Geo Week News

July 2, 2014

More is Less, Or The Dangers of Decreasing Prices

One of the most exciting aspects of this business over the past few years has been the introduction of 3D imaging into new markets that were previously ignored due to the technology being cost prohibitive. I think it’s safe to say that most of us come across something every week where we think, “They really need to be scanning that,” but realize that they are not due to the cost associated with scanning. While this drive to reduce the cost of 3D imaging is great for entering new markets, another side to this mindset was brought to my attention last week.

Ever since SmartGeoMetrics acquired the 3D-imaging division of my family company some three years ago, my father has maintained the non-3D imaging side of the business.

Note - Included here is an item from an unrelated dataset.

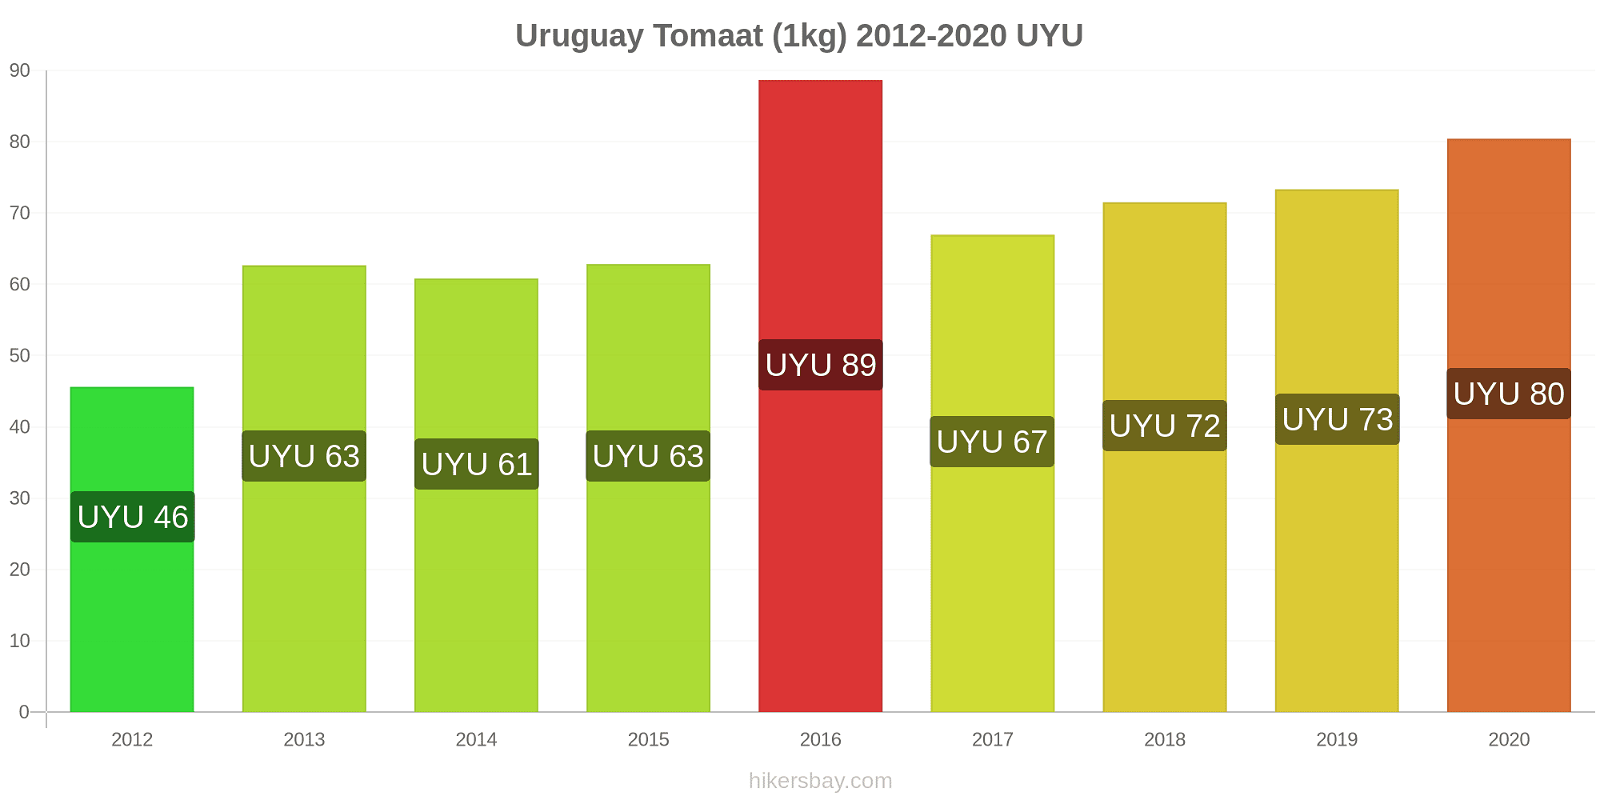 Uruguay prijswijzigingen Tomaat (1kg) hikersbay.com

A couple of weeks ago, he and Tom Greaves had a chance to catch up and he got a look at the DotProduct DPI-7. Having been out of the line of fire for the past 3 years he was rather impressed by the point density and taken aback by the amount of data it produced. After a few years of not keeping up with the data stream produced by the latest scanners, he found that his workstations were a bit behind. Discussing the DPI-7 with him brought into focus a couple of facts that I think we tend to minimize when it comes to introducing 3D imaging to new markets.

  • Be prepared for downstream problems. Just because you have a cost-effective solution for data capture that is within the budget of a client in a new market does not mean that all will work well. If they are not accustomed to 3D data, odds are that they will have issues with workstations that do not have video cards that support the software, or have too little RAM, and will very soon be out of hard drive space. Data transferring will be an issue, as will learning to set expectations for data processing when data capture looks so easy.
  • Unlearning takes as long as learning. We often think of ourselves as solving problems (and rightfully so!), but from the point of view of those being asked to change and learn a new methodology, we are simply replacing one set of problems with another. Don’t just consider how long it takes to learn a new way. Set aside time to unlearn the old and transfer superseded patterns.
  • Be careful what you wish for. In general, when the tools of a trade cost less, those plying that trade charge less as well. This is an interesting issue when you take a long look at our industry. I’m now collecting more than 1000 times more data per day than when I first started scanning. I’m expected to manage datasets that can run 1Gb or more per hour, and I’m charging less per day than ever before.

I’m still very excited about these new markets and all of the ways that we’ll see 3D imaging used in the future. But it can be a bit sobering to think of exactly what that means for those of us that have been in the industry for years. I often talk about land surveyors as an example of how not to approach modernization. As a land surveyor, I feel like I have the responsibility to do so. Getting less while obligating ourselves to provide more has been our bane. We pay more and more for equipment that is faster and better, all while charging less and less. That’s a hard way to make a living. I hope those of us in the 3D-imaging world find a better way to move forward.